Sermons

Summary: Paul is a fascinating person in the life of the early church. This sermon is part of an introduction to the book of Galatians, focusing on the uniqueness of Paul’s conversion to Jesus Christ.

18Then after three years, I went up to Jerusalem to get acquainted with Peter and stayed with him fifteen days. 19I saw none of the other apostles—only James, the Lord’s brother. 20I assure you before God that what I am writing you is no lie. 21Later I went to Syria and Cilicia. 22I was personally unknown to the churches of Judea that are in Christ. 23They only heard the report: "The man who formerly persecuted us is now preaching the faith he once tried to destroy." 24And they praised God because of me. NIV

Paul morphed from being the Christian faith’s worst persecutor to being its greatest defender. Paul writes to the Galatians who lived in what is now Turkey. (My brother’s widow, Karen, as it happens, is working on an archeological dig in Turkey as we speak...in the same region of the Galatian church!).

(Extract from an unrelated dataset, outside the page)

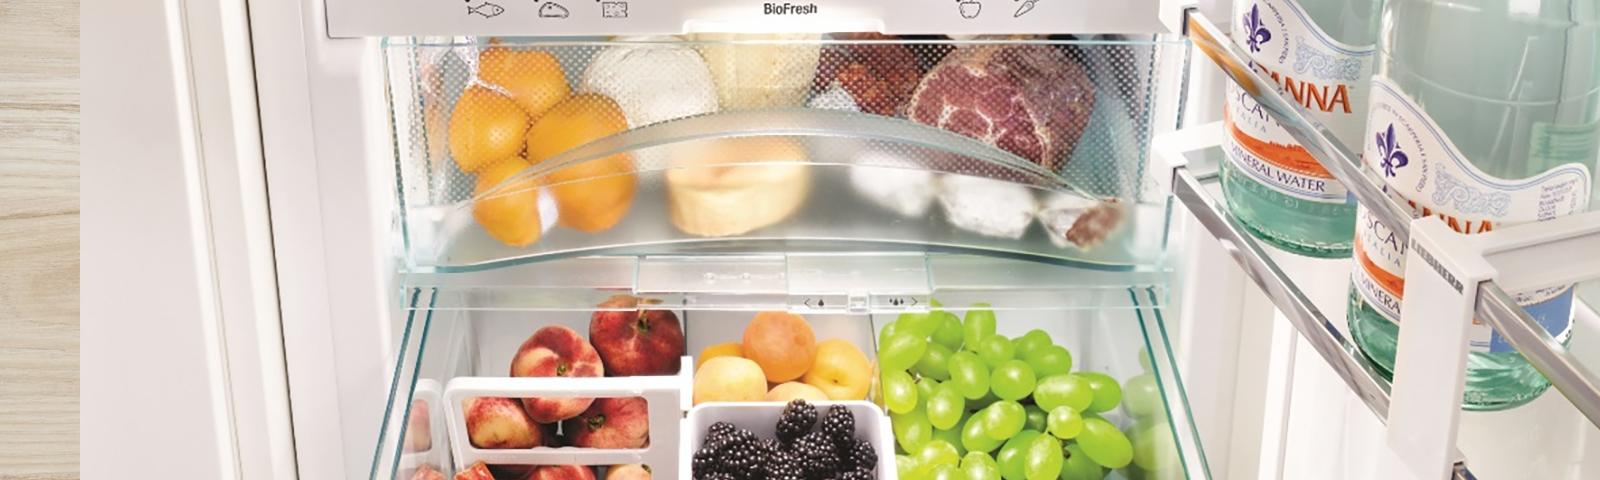 хранение продуктов в холодильнике фото

Paul writes because the church he had planted years earlier is being threatened. It is being threatened by those for whom the simplicity of the gospel was a stumbling block, to those for whom the grace of God, seen in the free gift of salvation, was an impediment, in their minds, to really following God.

Let’s look at today’s passage more closely:

11I want you to know, brothers, that the gospel I preached is not something that man made up. 12I did not receive it from any man, nor was I taught it; rather, I received it by revelation from Jesus Christ. 13For you have heard of my previous way of life in Judaism, how intensely I persecuted the church of God and tried to destroy it.

Paul is responding to things that he had got wind of since planting the church in Galatia. The church had been built on the rock of the gospel of God’s grace in Jesus Christ…that Jesus had lived and died to reconcile the world to God, that salvation was an act of God’s grace, that by faith and faith alone one had access to this grace.

But since Paul had left to plant churches elsewhere, some had come into the Galatian church and were preaching that the gospel Paul preached was too simple. They said that in order to truly be saved one had to follow the law of Moses, including circumcision.

In other words, some were teaching that in order to access the grace of God and to be saved, it was necessary to engage in other works…to do things to qualify oneself to be saved.

We just watched how it was that Paul, then Saul, while on the way to even further persecuting the church, was met by Jesus on the road to Damascus. Paul had not been among the original disciples.

During the time of Jesus’ public ministry, in fact, Paul had been in training and, as he says in 1:14, he “was advancing in Judaism beyond many Jews of my own age and was extremely zealous for the traditions of my fathers”.

So, Paul had not heard Jesus’ teaching directly, had not seen His miracles, had not had any previous encounter with Jesus during Jesus’ public ministry.

All that he knew of Jesus came from direct revelation. And what he learned from Jesus was the precise opposite of all that he had previously believed and lived by.